Sputnik France: Sur qui la Turquie peut-elle s’appuyer aujourd’hui?
Bassam Tahhan: «Elle est très isolée. Elle est coupée de l’Europe, contestée par Israël et les monarchies du Golfe. Elle est en guerre avec la Syrie, qui est soutenue par la Russie et l’Iran. Erdogan est très seul. Mais les États-Unis ne souhaitent pas voir l’État turc s’effondrer.»
Sputnik France: Alors que Bachar el-Assad et ses alliés ont réussi à reprendre une grande partie du territoire syrien, James Jeffrey, représentant spécial des États-Unis pour la Syrie, assure qu’ils «ne pourront pas enregistrer de victoire militaire» en Syrie. Qu’en pensez-vous?
Bassam Tahhan: «Victoire militaire où? À l’Est de l’Euphrate, où se trouvent les Américains et les Français? Ou une victoire à Idlib, où sont présents les djihadistes et les Turcs? Concernant Idlib, les forces d’Assad et leurs alliés ont déjà bien avancé. Ils vont bientôt faire le siège de la ville et créer des couloirs humanitaires, même si leurs adversaires ne laisseront pas les civils fuir.

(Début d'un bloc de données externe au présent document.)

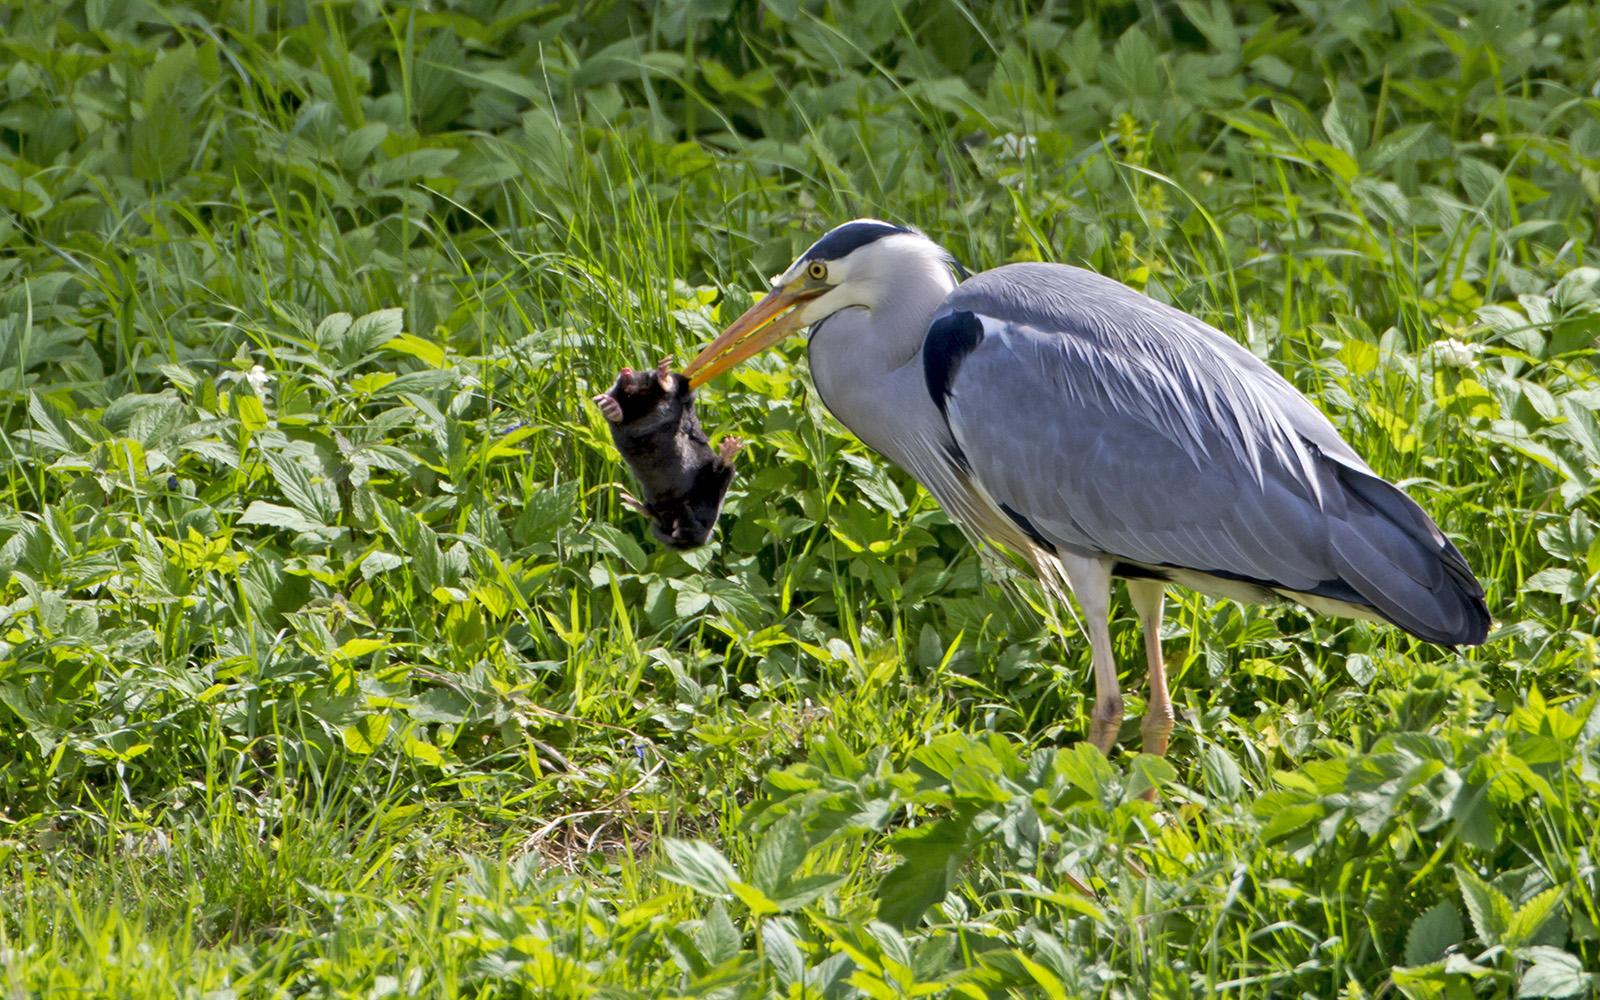 Heron vs mole

De plus, je pense qu’Erdogan a mal joué son coup en envoyant des véhicules de transports de troupes sur place. L’armée syrienne n’hésitera pas à bombarder l’armée turque s’il le faut. La différence est qu’Assad est chez lui, au contraire de la Turquie. De quel droit Erdogan s’octroie-t-il le droit de pénétrer sur un territoire qui n’est pas le sien? De plus en plus, les partisans d’une grande Syrie sont susceptibles d’infliger à la Turquie une défaite comme elle n’en a jamais connu.»